Return the full listing word for word, but drop every picture from it.

Collected data Start Marker

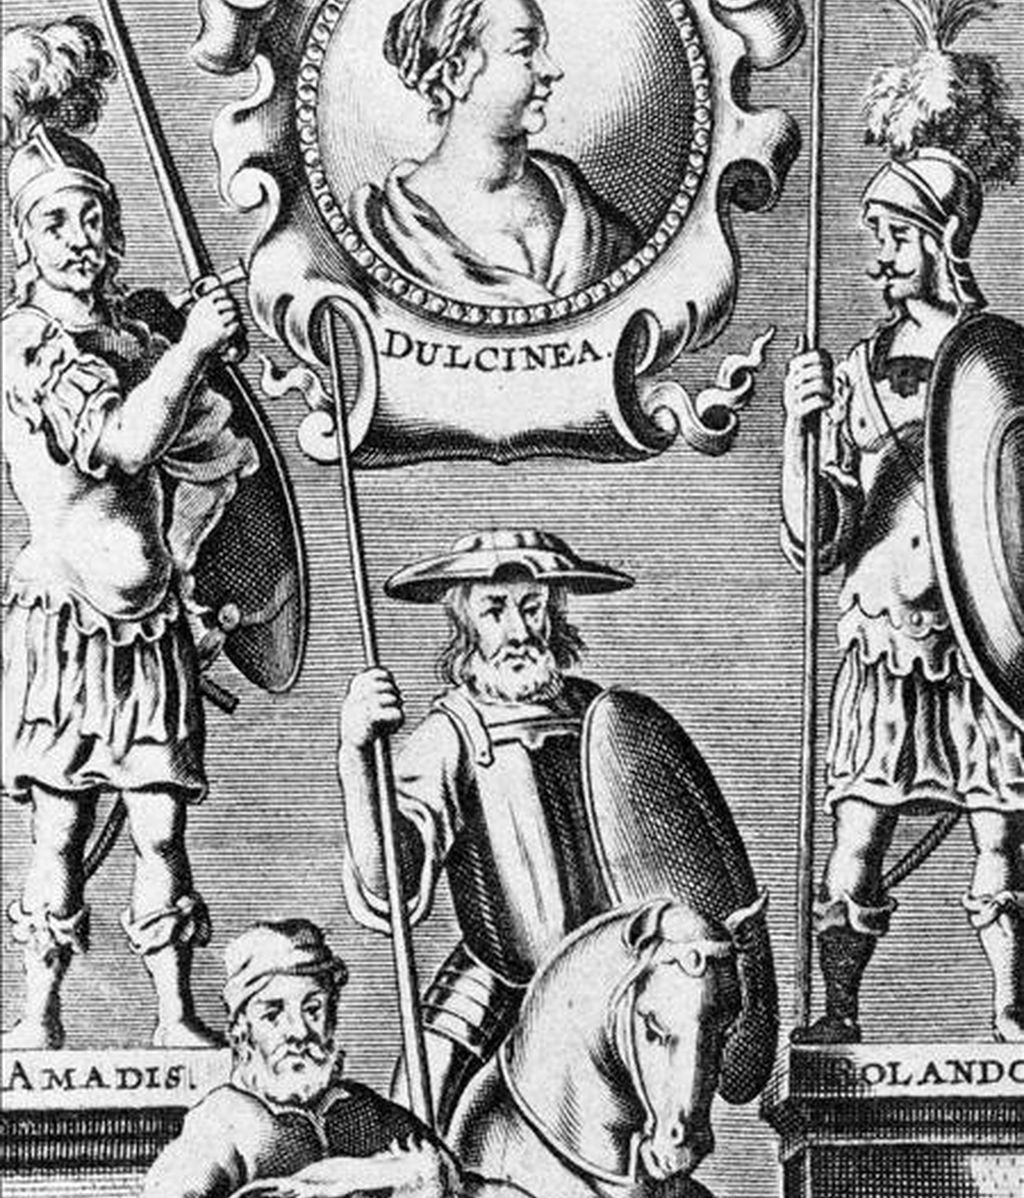 Portada de Don Quijote de La Mancha de una edición hecha en Amberes en 1697 en español, que se conserva en la Biblioteca de la Sociedad Hispánica de América de Nueva York, en la que aparecen los retratos de don Quijote y Sancho Panza, Dulcinea, Amadis y Rolando. EFE/Archivo
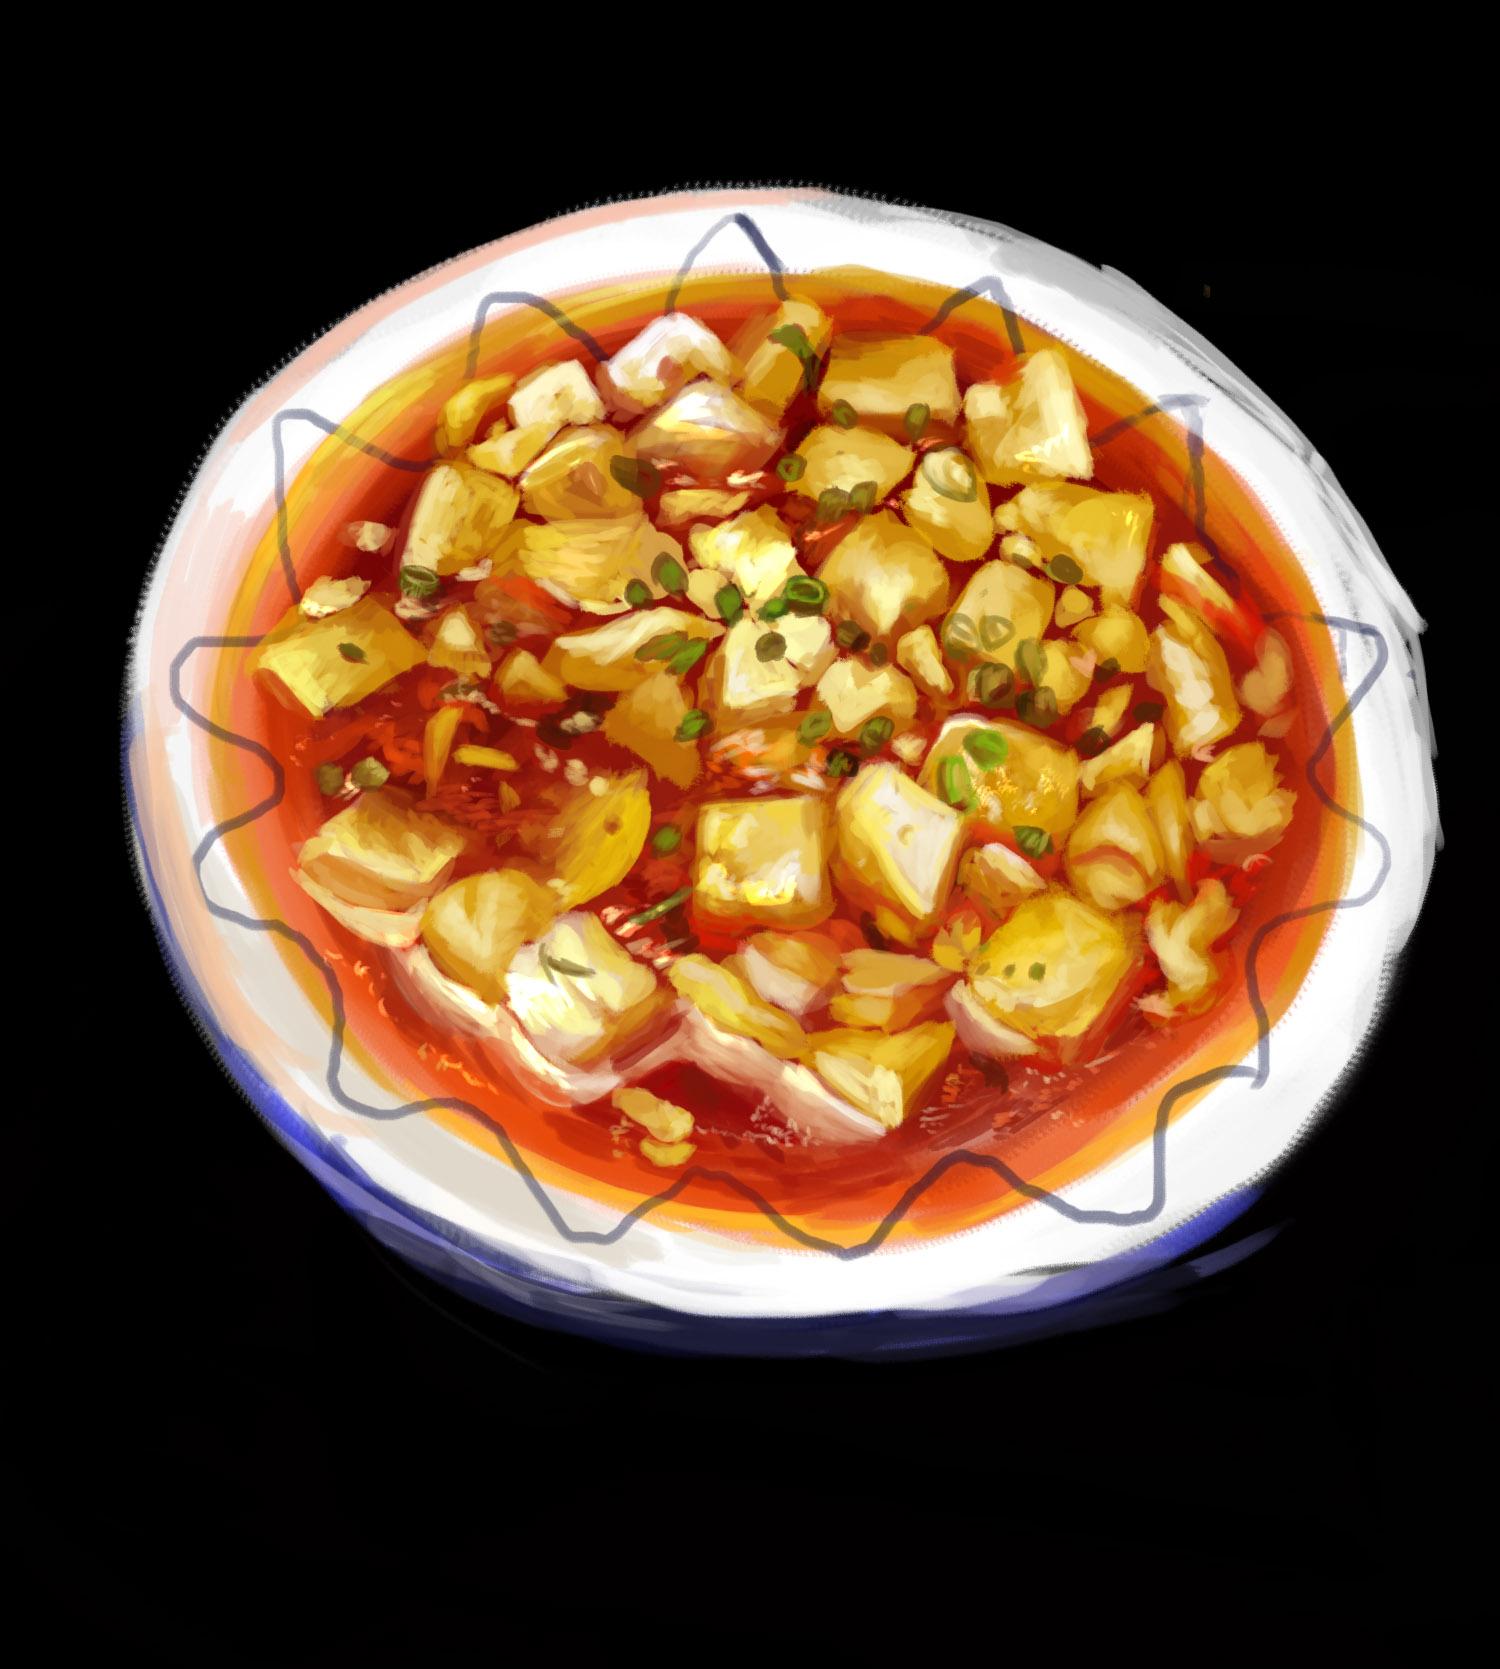 food120915.jpg
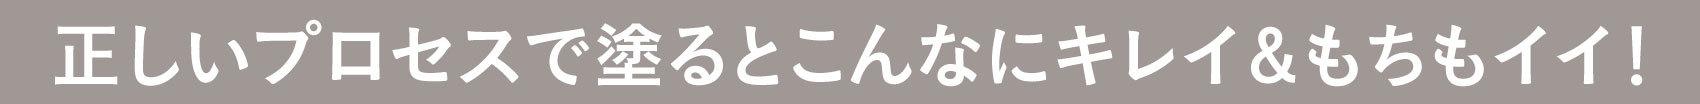 """【動画】セルフネイルの仕上がりをワンランクアップ""""キホンの塗り方""""をマスター!_1_4"""

Collected data End Marker

**Expected output**:
 Portada de Don Quijote de La Mancha de una edición hecha en Amberes en 1697 en español, que se conserva en la Biblioteca de la Sociedad Hispánica de América de Nueva York, en la que aparecen los retratos de don Quijote y Sancho Panza, Dulcinea, Amadis y Rolando. EFE/Archivo
 food120915.jpg
 """【動画】セルフネイルの仕上がりをワンランクアップ""""キホンの塗り方""""をマスター!_1_4"""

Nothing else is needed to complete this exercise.